Romans, on the other hand, addresses the issue of “works of the Law” on a much broader and logically prior basis. Here the premise of Paul’s argument is that a “day of wrath” is coming upon the ancient world. This will bring a dramatic and decisive end to the whole system of pagan religion and ethics; and Israel, despite having the Law and a bunch of other privileges, will not be exempt from “judgment”. Judgment means destruction (Rom. 9:22). So the critical question is not about membership but about survival. On what basis will the “righteous” live when the day of wrath comes (cf. Hab. 2:4)? Not on the basis of “works of the Law”, because the Law now condemns, but on the basis of a radical faith—which is also faithfulness—in the story of Jesus’ death and resurrection.

So the New Perspective, as Tim Gombis presents it, is limited in the first place by its failure to grasp the historical-eschatological dimensions of Paul’s thought. Tim cites the generalized Christian apocalypticism of scholars such as J. C. Beker, Lou Martyn, Bruce Longenecker, Douglas Campbell, and Leander Keck. But I think that Paul’s apocalypticism is much more focused, contingent, historical and, indeed, Jewish—and that his argument about Law and faith in Romans 2-4 cannot be properly understood without taking this narrative of wrath into account.

Tim writes that the “incarnation is the invasion of the Son of God to retake God’s world for God’s glory”. I would say that the resurrection of Jesus is for Paul a clear indication that the God of Israel intends to annex the Greek-Roman world for the sake of his glory. I think that Paul lies quite a bit further outside the sphere of a theology shaped by the western Christendom-modern paradigm.

This brings us to the second limitation, which is highlighted by this paragraph:
Several scholars have complained that the “new perspective” can tend merely to describe Paul’s flow of thought sociologically so that we’re left with a very thin theological reading of Paul. This criticism isn’t too far from the mark. I agree with Stephen Westerholm’s point that while “new perspective” scholars may outstrip the reformers in grasping historically what Paul was getting at, they cannot match the reformers at recovering Paul’s deeper theological impulses. Interpreters such as Augustine, Luther, and Calvin do indeed provide for us excellent models of theological interpretation of Paul.
The word “sociologically” is wrong. Paul’s argument remains thoroughly theological even when located within its own historical-eschatological setting, for the reason that I gave above: it is not merely a matter of the terms of membership in the covenant community; it has to do with the agenda of Israel’s God. But the criticism is correct: we have not yet worked out how to derive from the re-contextualized Paul a theology compelling enough to drive and sustain the life and thought of the church today.

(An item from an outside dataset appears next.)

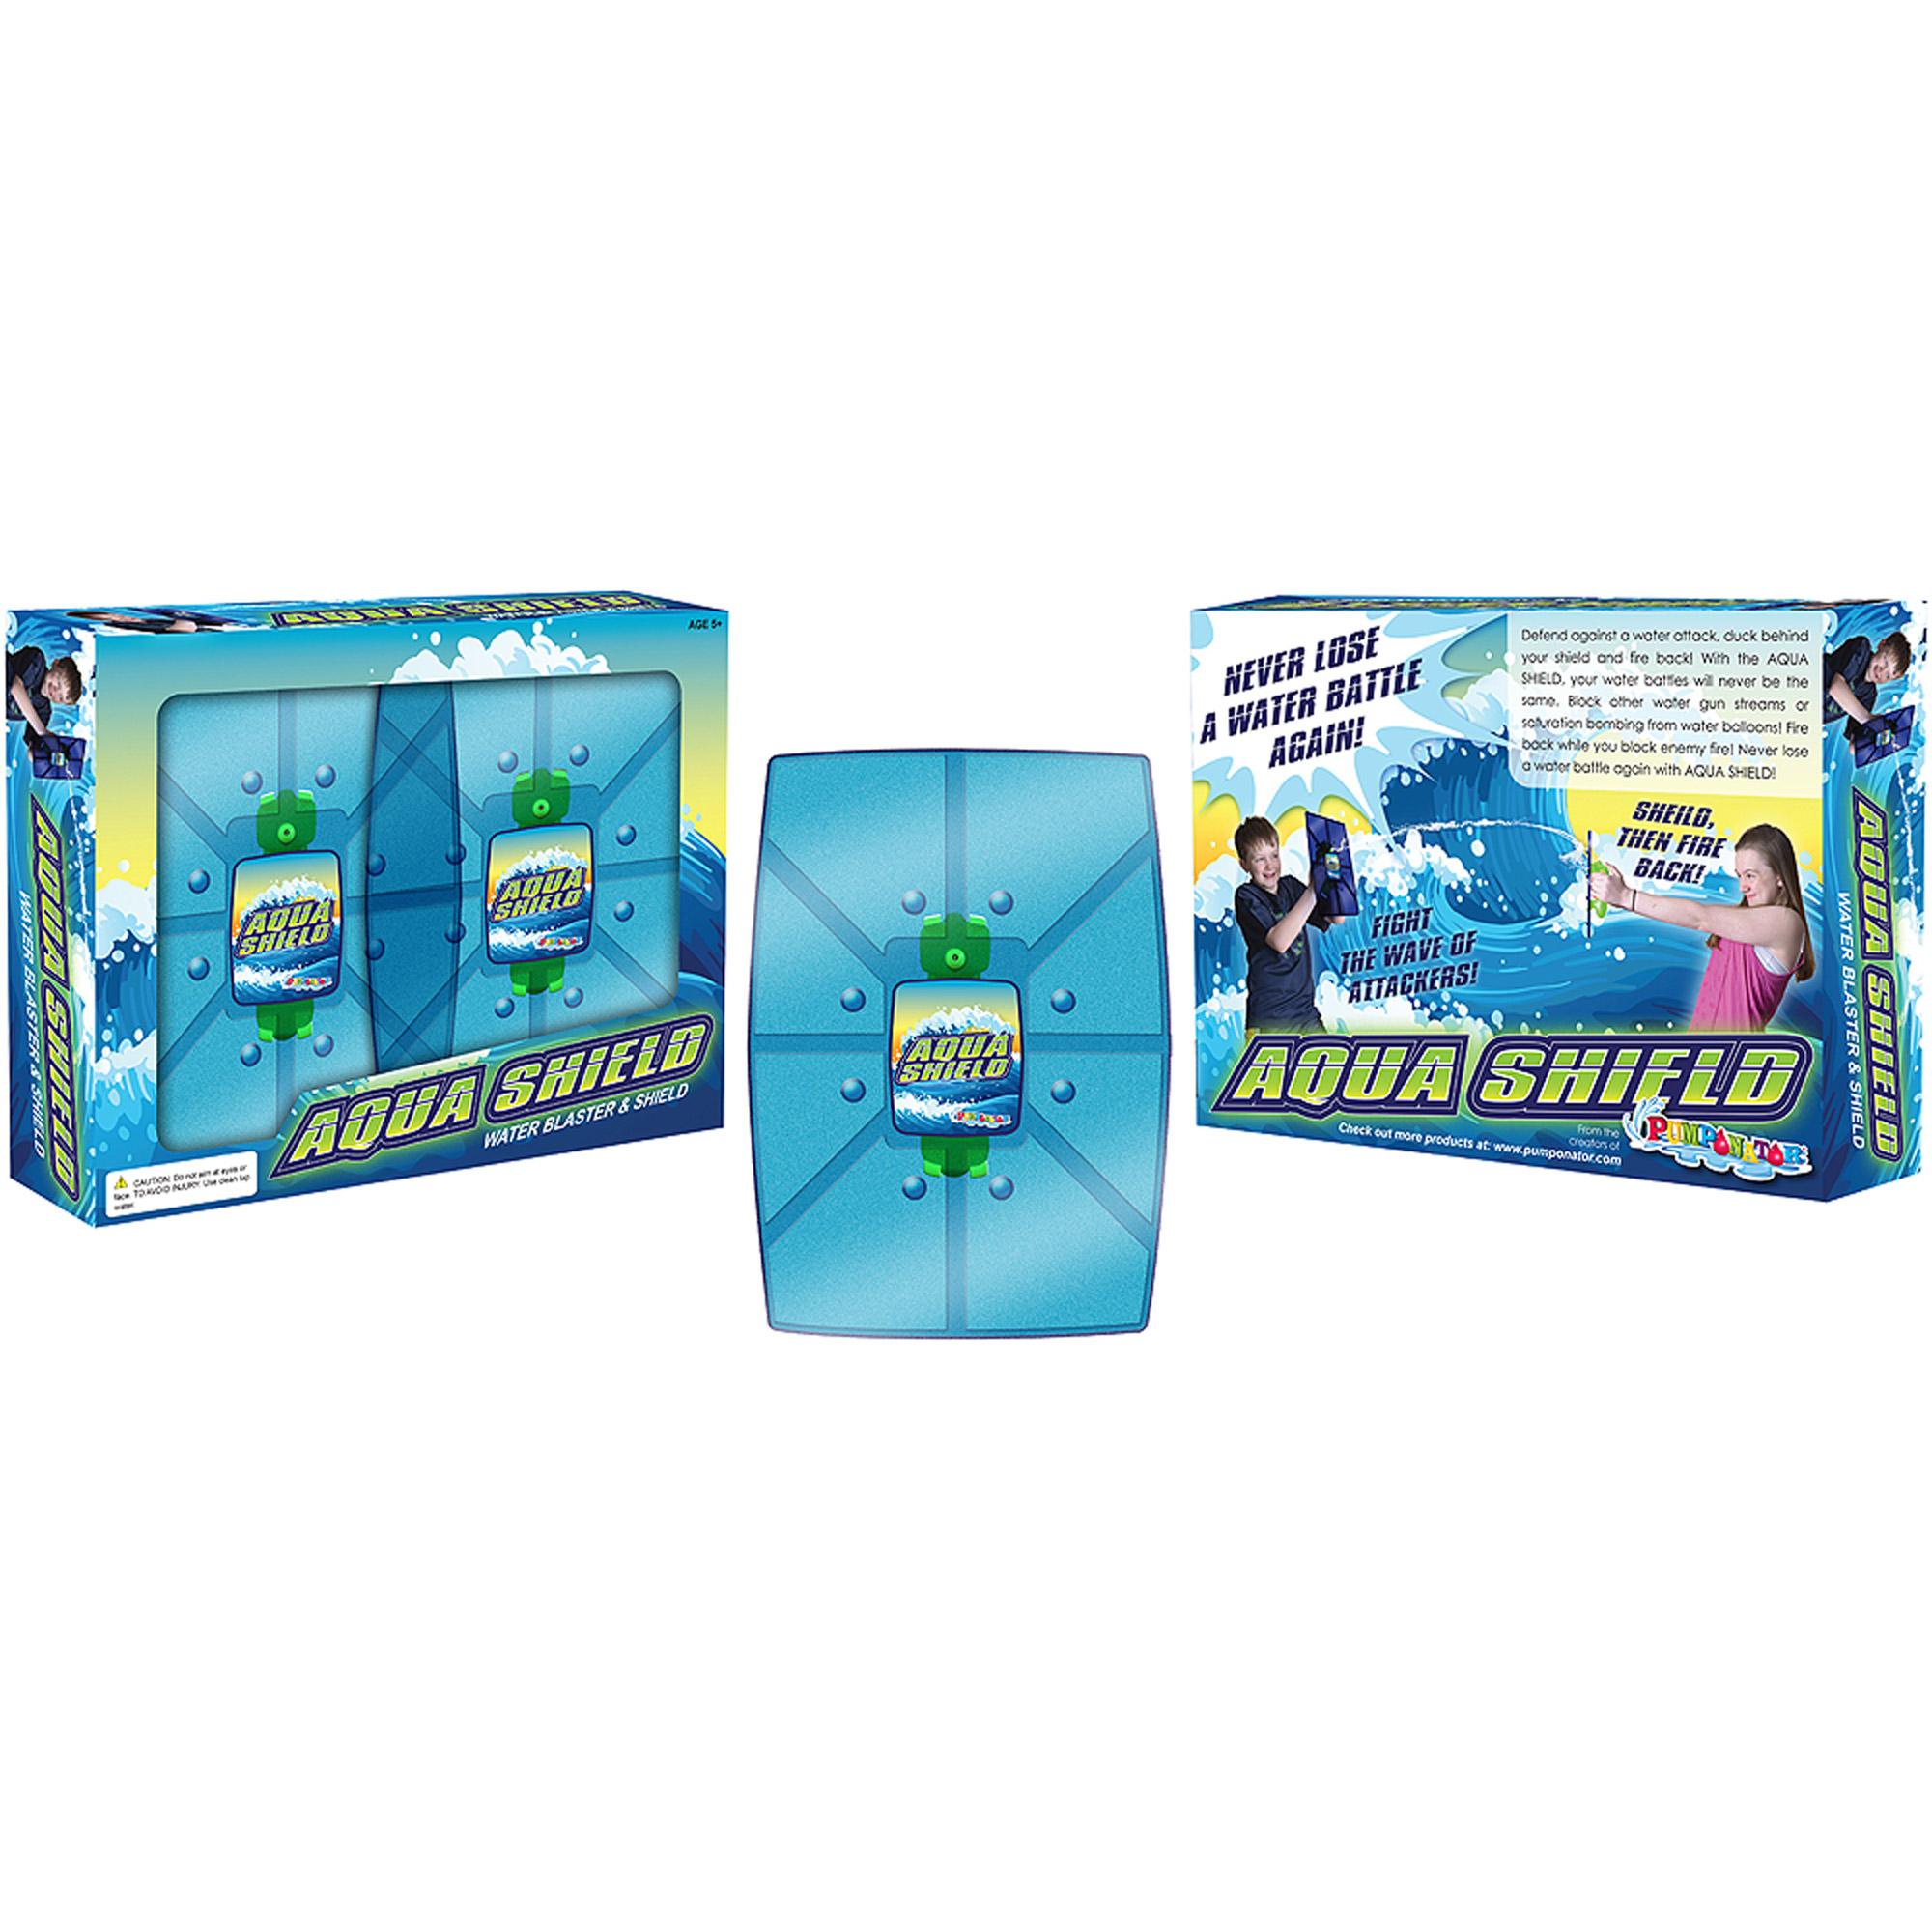 Pumponator 2 Aqua Shield Water-Squirting Shields

The answer to this dilemma, however, cannot be that we simply bolt a Reformation theology on to the New Perspective. Tim Gombis seems to want to both have his cake and eat it. These are incompatible paradigms. The distinction between what Paul meant historically and his “deeper theological impulses” is an invalid one. We only have the historical Paul.




Instead, we have to take the much more difficult approach of plotting a new theological trajectory from a consistent New Perspective reading of Paul to land somewhere beyond the modalities of Christendom—remember that the Reformation was only an attempt to reform the Christendom model of church. If the insights of the Reformers or of modern evangelicalism then help us to understand more clearly what it means to have been brought into this narrative, fine. The same could be said of any other Christendom tradition. But Paul has first to be allowed to speak for himself.